И выжидающе посмотрел на меня, продолжая тем временем опечатывать книжные шкафы. Я придерживал за углы драпировку.
— Вы говорите красиво, Штерк, но все это — ложь. Нет, нет; ваша родина — какое уж там ничто, хотя свойственный вам нигилизм, хаотичность и меня наводили на подобные мысли; но, глядя на вас вблизи, я убеждаюсь, что ваша стихия — это печати, штампы, удостоверения, интеллектуальный кадастр, — а все дело в том, что пролетарская диктатура особенное пристрастие проявила к деятелям искусства, с органично присущим ей полоумием возведя их в ранг пресвятых и сровняв с землей: то есть создан был, всему миру на смех, так называемый интеллектуальный кадастр, согласно которому отвечающий за данное дело нарком назначал художникам и писателям денежное довольствие, словно чиновникам, определяя им ранги, — поэтому, господин Штерк, не говорите мне, что вы поставили человека на место Бога, это было бы кощунством, хотя в этом была бы и доля смелости, бунтарский жест Люцифера, но это неправда, что вы уничтожили иерархию, вы просто ее захватили. — Мы продолжали опечатывать шкафы. — Вся истина в том, что в центр своей деятельности вы поставили идею бюрократизма, и в этом — наивность, превратно толкуемая современность вашего коммунизма, весь его ужас, ведь не прошло еще нескольких месяцев, как выяснилась невиданная мощь бюрократии, ее неспособность, как принято выражаться, не считаться ни с Богом, ни с Дьяволом, и на вашем троне воссел новый Бог, как карлик в загадочном шахматном механизме Фаркаша Кемпелена, которого никто не видит, никто не в силах на него повлиять, но все происходит, как происходит, и даже не вопреки логике, ибо сей механизм подчиняется собственной логике. Однако, сколько бы это ни продолжалось, мат все-таки неизбежен…
Я умолк, не зная, стоит ли продолжать, но все же продолжил:
— Бюрократия будет божеством двадцатого века, господин Штерк, этого вы добились, и это немало. Но я не способен предвидеть, к чему приведут ее неизбежные следствия. Думаю, что вы тоже.
— Разница только в том, — с неожиданной грустью в голосе ответил мне Штерк, — что нас это не волнует.

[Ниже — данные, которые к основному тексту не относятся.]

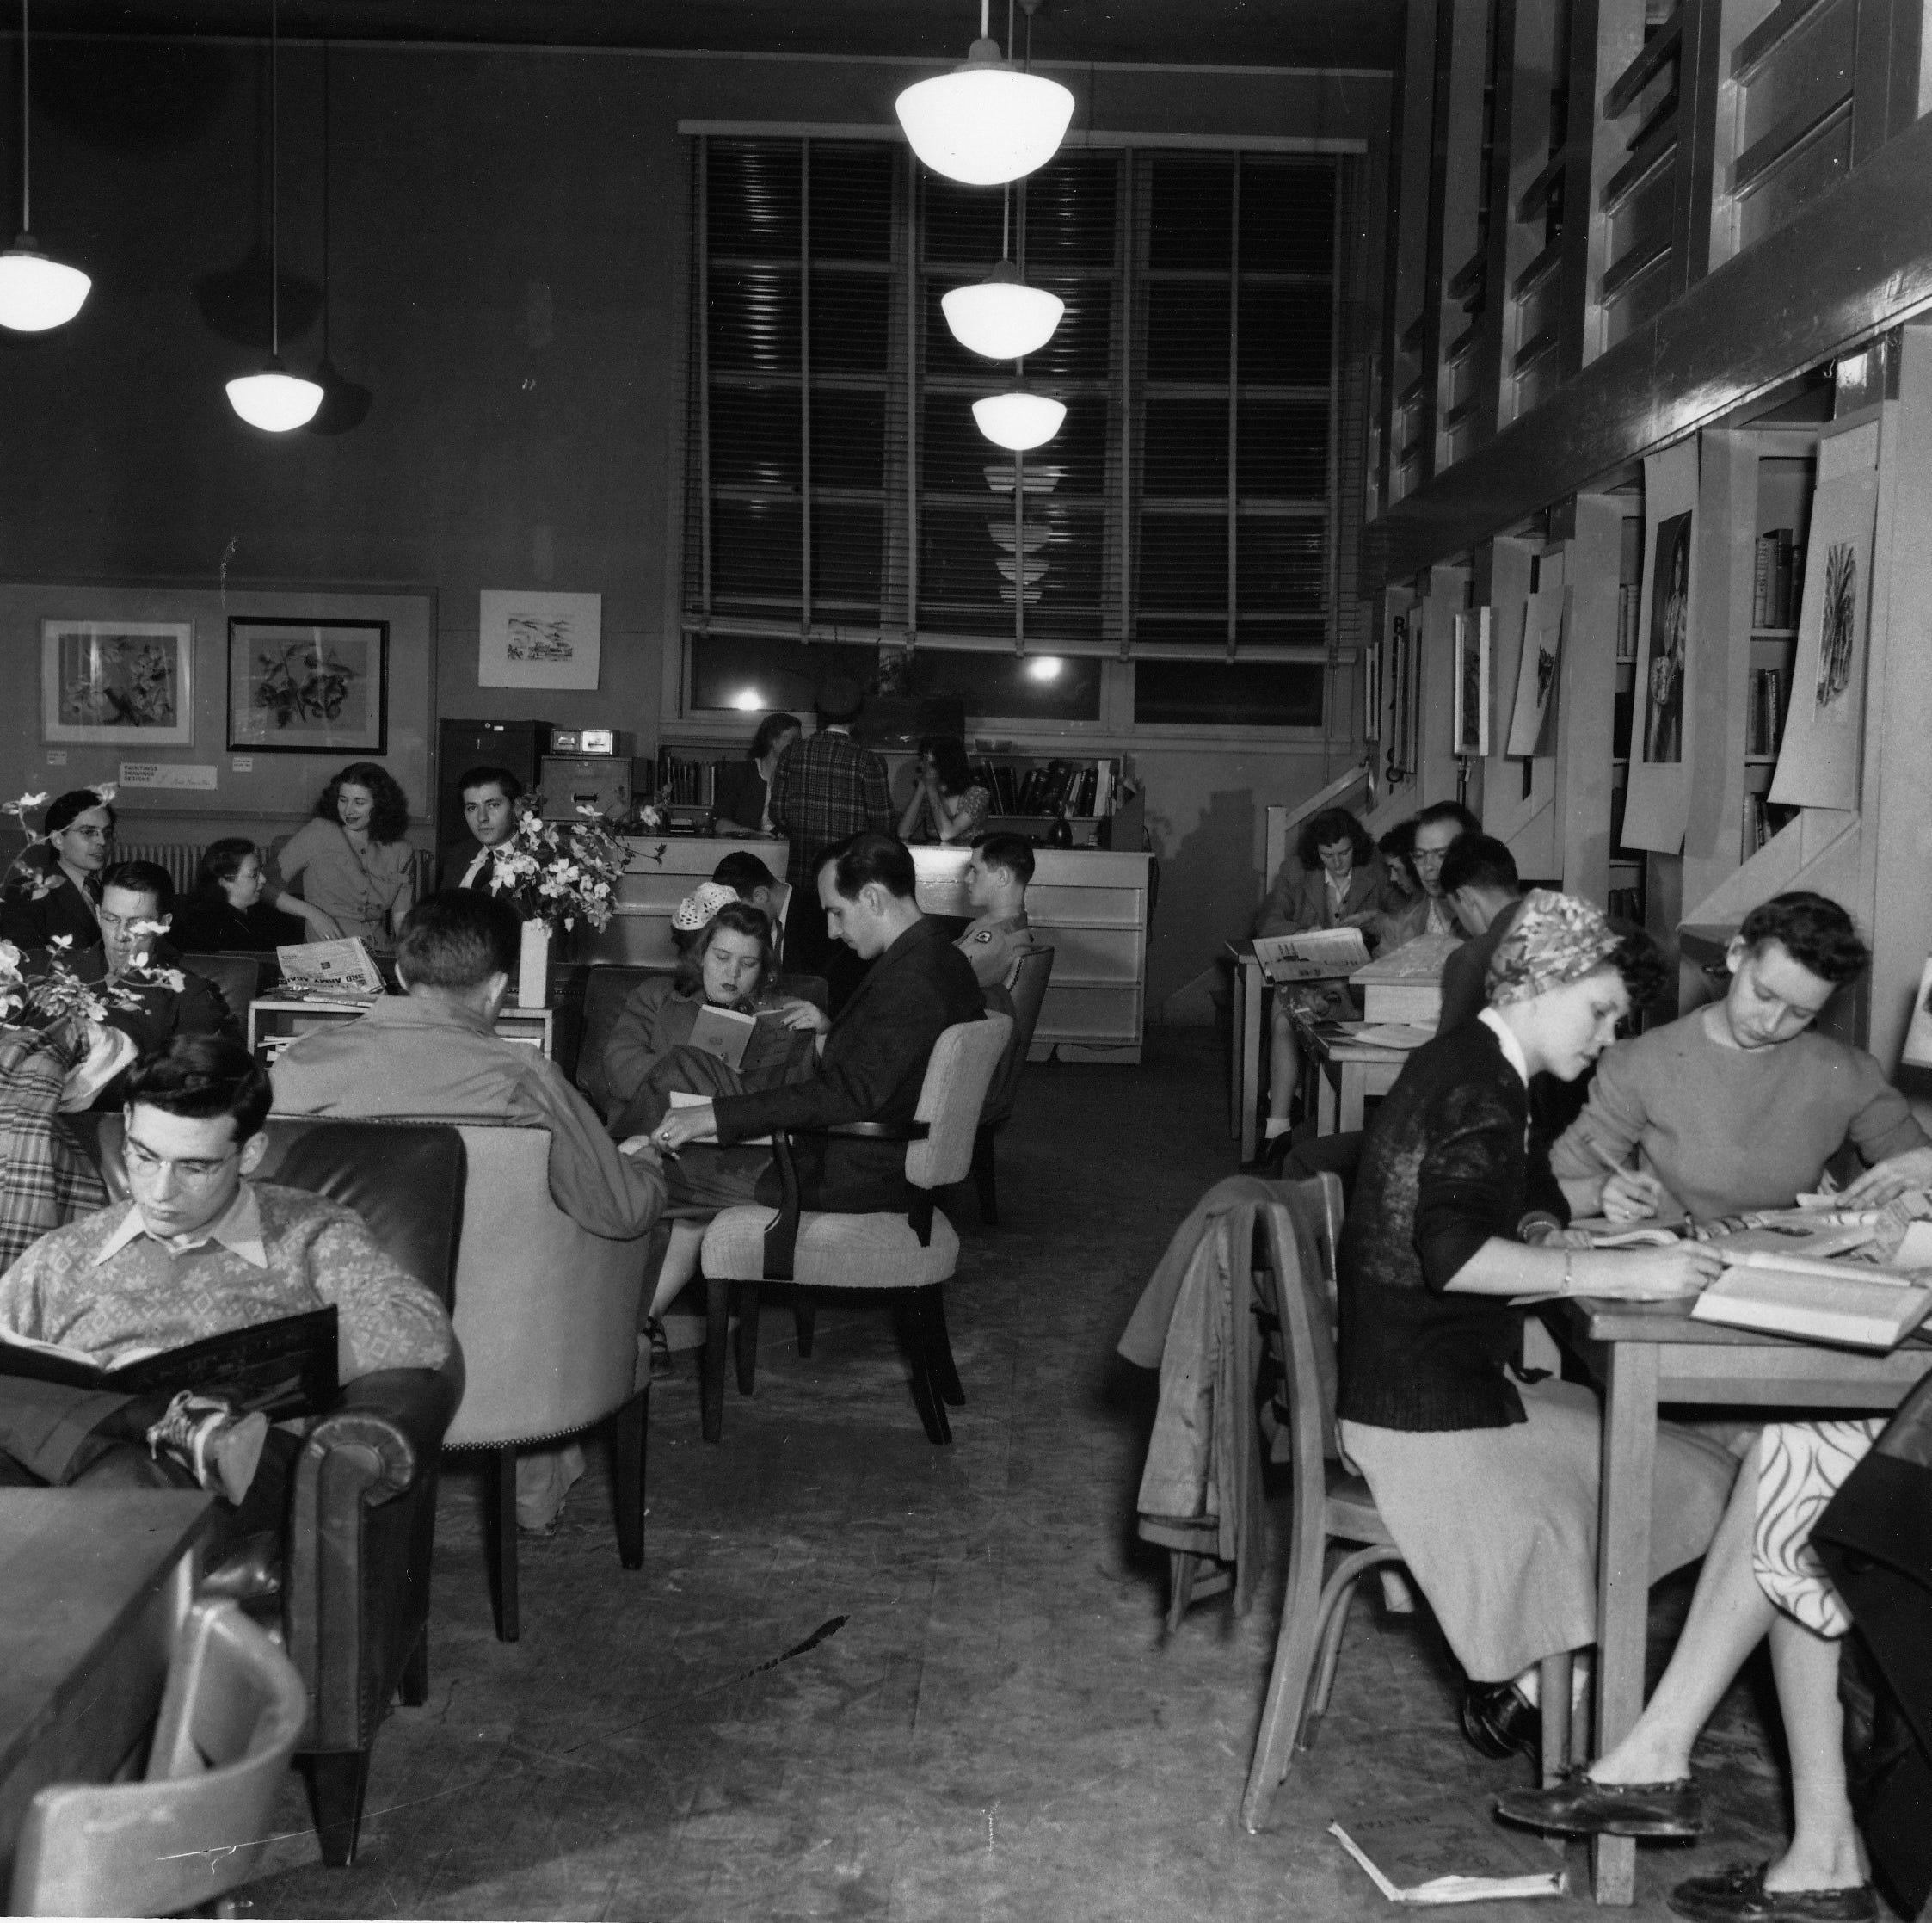 How did Oak Ridge remain a secret during wartime?

— Милый Штерк, я вовсе не сомневаюсь, что эти ваши теории — наилучшие в мире социалистические теории, которые вы пропагандируете уже не один десяток лет и которые обещают нам Золотой век. Но теперь, когда вы взялись применить их на практике… Да вы хотя бы взгляните, как комично и глупо болтаются эти драпировки на моих книжных шкафах! — Штерк молчал, а я, что мне было еще делать, продолжал говорить. — Все эти ваши указы, как на подбор, либо глупости изначально, либо становятся таковыми, достигая прямо противоположного действия, сколь бы высокими целями вы ни руководствовались. — Штерк по-прежнему молчал, и у меня было ощущение, что он принимает мои слова всерьез, и во мне это вызывало уважение, тем более что самому мне с той же серьезностью относиться к его словам удавалось лишь фрагментарно. Когда венгерская Коммуна потерпела крах, он явился ко мне, но я, вопреки своему любопытству, принять его отказался. Он эмигрировал в Вену, как говорили в селе, потом в Москву, потом снова в Вену, где погиб при загадочных обстоятельствах. Часть моих информаторов говорит о самоубийстве, другая — о нелепой случайности! — Распределение буржуйских, как вы изволите выражаться, квартир между неимущими пролетариями? Bon[92]. А впрочем, не bon, ибо буржуй квартиру свою заработал, но не будем об этом. Что в результате? Вшивые коммуналки? А как прекрасно звучит: росчерком пера превратить дворцы в санатории для трудящихся! И разве не эгоист, не изверг — человек, против этого возражающий? До чего же вы все примитивны, Штерк, до чего смешны!